LInear regression Flashcards
Linear regression
predicts a response variable from values of an explanatory variable by fitting a model of a straight line to the data
(different from correlation as correlation treats both variables equally and measures strength of association whilst regression measures how steeply response variable changes on average with changes in explanatory variable)
Overall:
- Estimate values for slope and intercept using equations based off least squares
- Calculate mean square error (S^2) of slope and intercept
- Calculate SE and CI using S^2 and T values
- Use T test to see if slope or intercept significantly different from 0
- Use ANOVA table to see if a significant amount of variation is explained by the model.
Fitting the line
y = ax + b OR y = mx + c (+error)
Use equation to work out slope and intercept -> base off least square equations
Equation can be used to predict Y hat values from X values (aim is to minimise the error in these predictions)
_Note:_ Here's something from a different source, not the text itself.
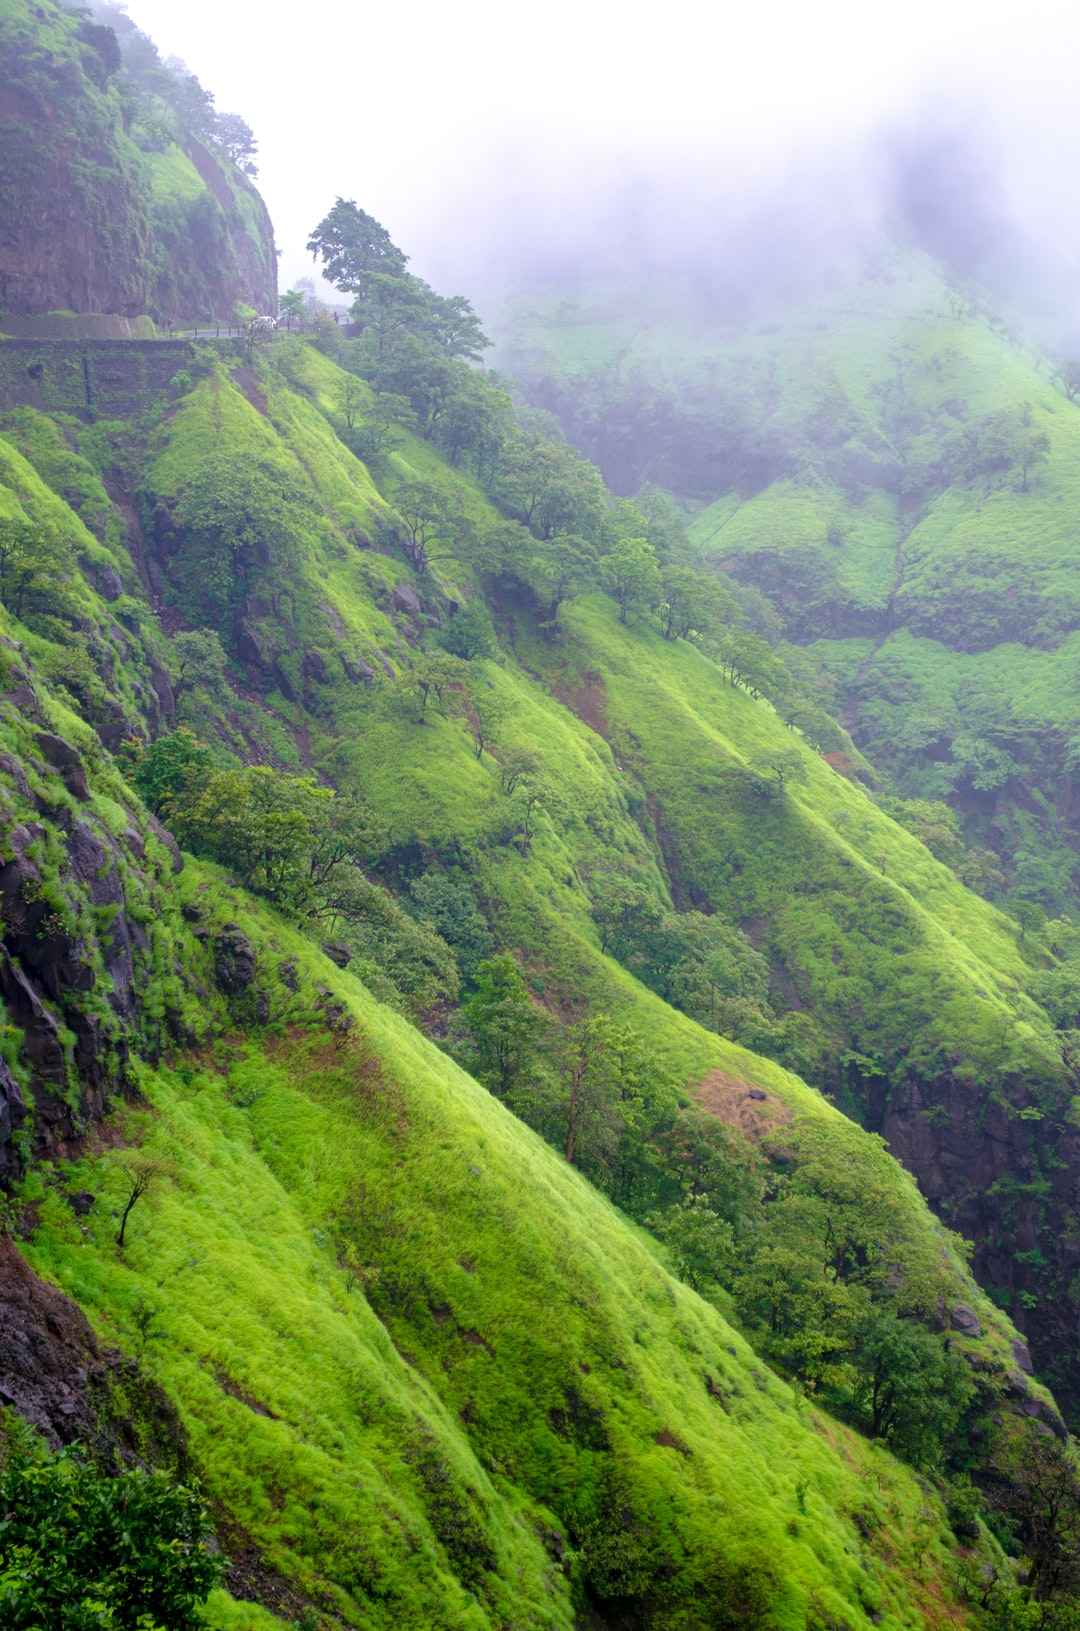 Hills in the Varandha Ghats of Maharashtra during monsoon season. Ideal for trekking and camping.
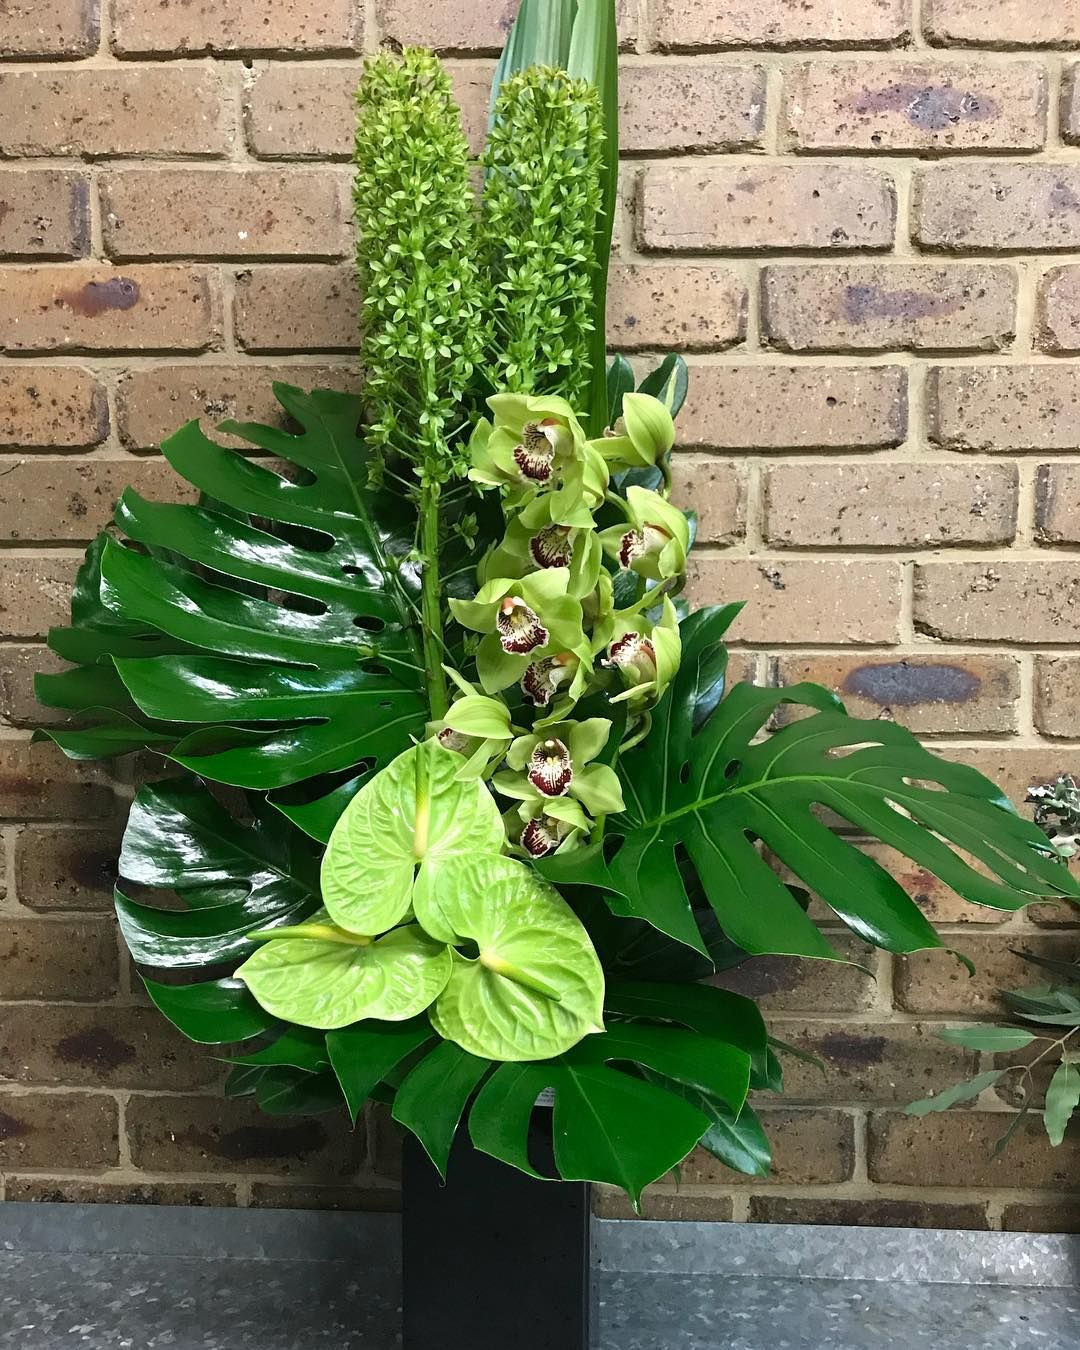 40 Gostos 1 Comentarios Acacia Flowers Acaciaflowers Berwick No Instagram Green Freshblooms Acaciaf Composizioni Floreali Mazzo Di Fiori Fiori

Can only make reliable predictions w/in range of X – cannot extrapolate (as relationship may not be linear outside range, we don’t know)
Assumptions
- At each x value there is a pop’n of possible Y values whose mean lies on the true regression line – this is assumption that relationship is linear
- At each value of x, the distrib of possible Y values is normal
- Variance of Y values is same at all values of X
- At each value of X, y measurements represent a random sample form the pop’n of possible Y values
Residuals
measure vertical deviation of Y from the least squares regression line
Residual = observed value – predicted value = Y-Y ̂
Testing model significance
Error sum of square (SSE/ SSE): sums of difference between obserbed and expected squared or calculated by SST-SSR
Error mean square (MSR/ MSE/ S^2): ESS/ N-2
T test approach:
Estimating SE of slope and intercept requires S^2
Can calculate CI for intercept and slope using SE and T value for T disitrbution (using n-2 df)
Do CI overlap 0?
Use T test to see if slope and intercept are significantly different from 0.
-> Tend to be significant if T value is twice the SE
ANOVA approach
- Split variation into variation explained by regression line and error.
- create ANOVA table
Regression variation: SSR: 1: MSR
Error variation: SSE (= TSS- RSS): n-2: S^2
Total variation: TSS: N-1: